Overall, the results of the models showed that the model accuracy was more dependent on whether oversampling or undersampling was used. The oversampling method was more successful at classifying data points that were actually non-injured, while the undersampling method did a much better job at accurately classifying the points that were actually injured.

                                      Conclusion
We balanced the data set using multiple different strategies, such as sampling, oversampling, and undersampling. The different balanced datasets where tested on several different binary classifiers, such as KNN, SVM, Bagging, and XGBooster. The highest accruacy we achieved is with XGBooster and Bagging with a 99% accuracy rate. The downside for this accuracy is overfitting as the minority class has a 0% predicted accuracy.
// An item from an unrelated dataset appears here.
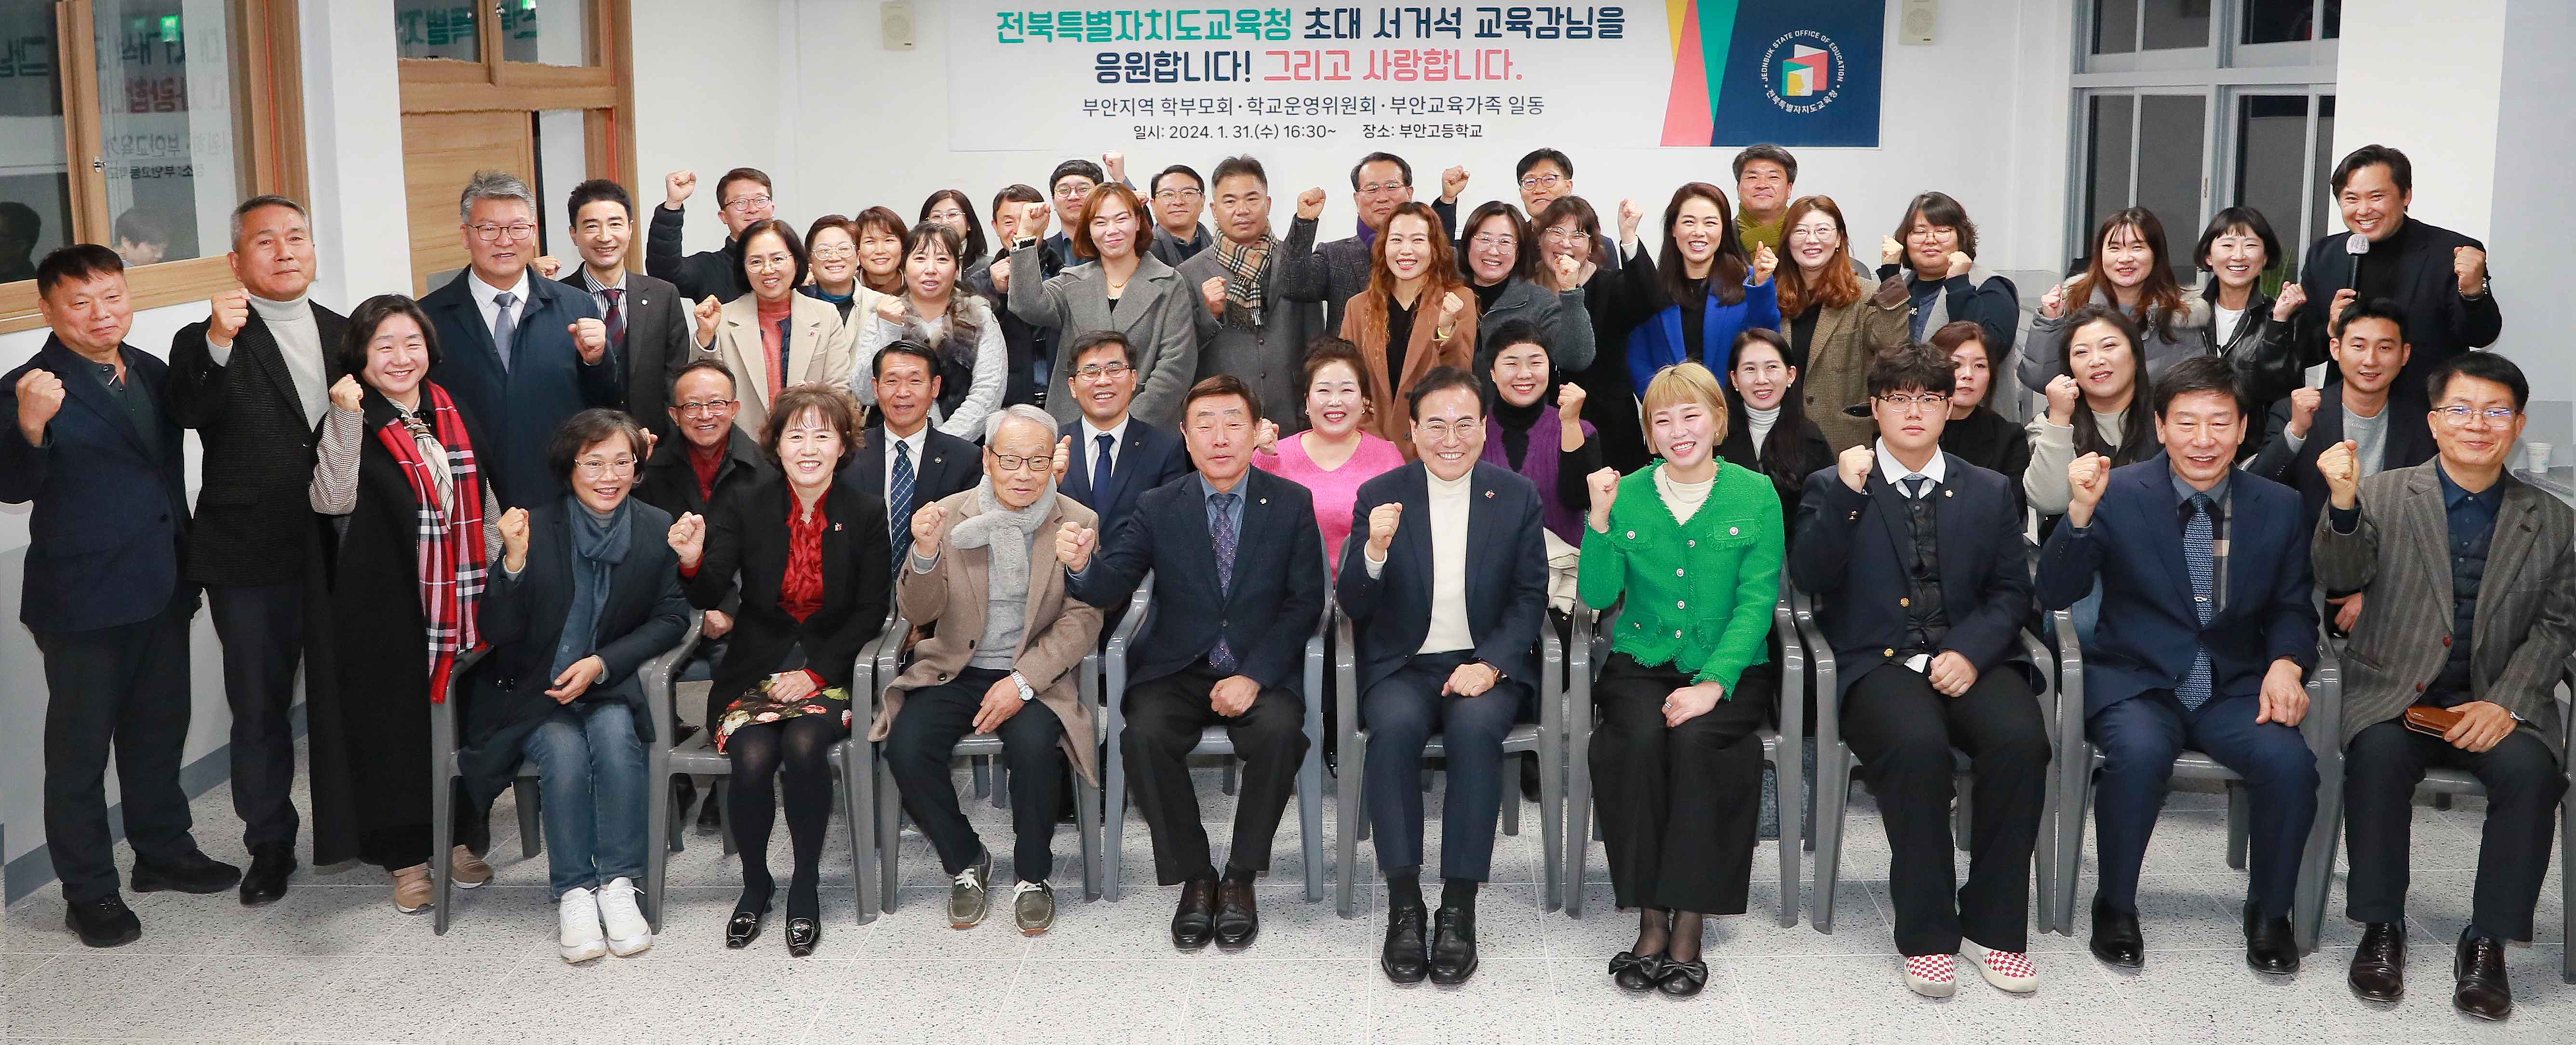 부안교육지원청 ‘지역과 함께하는 부안교육 간담회’개최

The classifier which has the best accuracy equilibrium in proportion to the minority and majority class is XGBooster with Undersampling. This had a 60% overall accuracy rate, with 60% for injured prediction and 60% for non-injured prediction. Neither of these predicted accuracies are useful. The high accuracy overfits, and the lower accuracy is not good enough for real life application.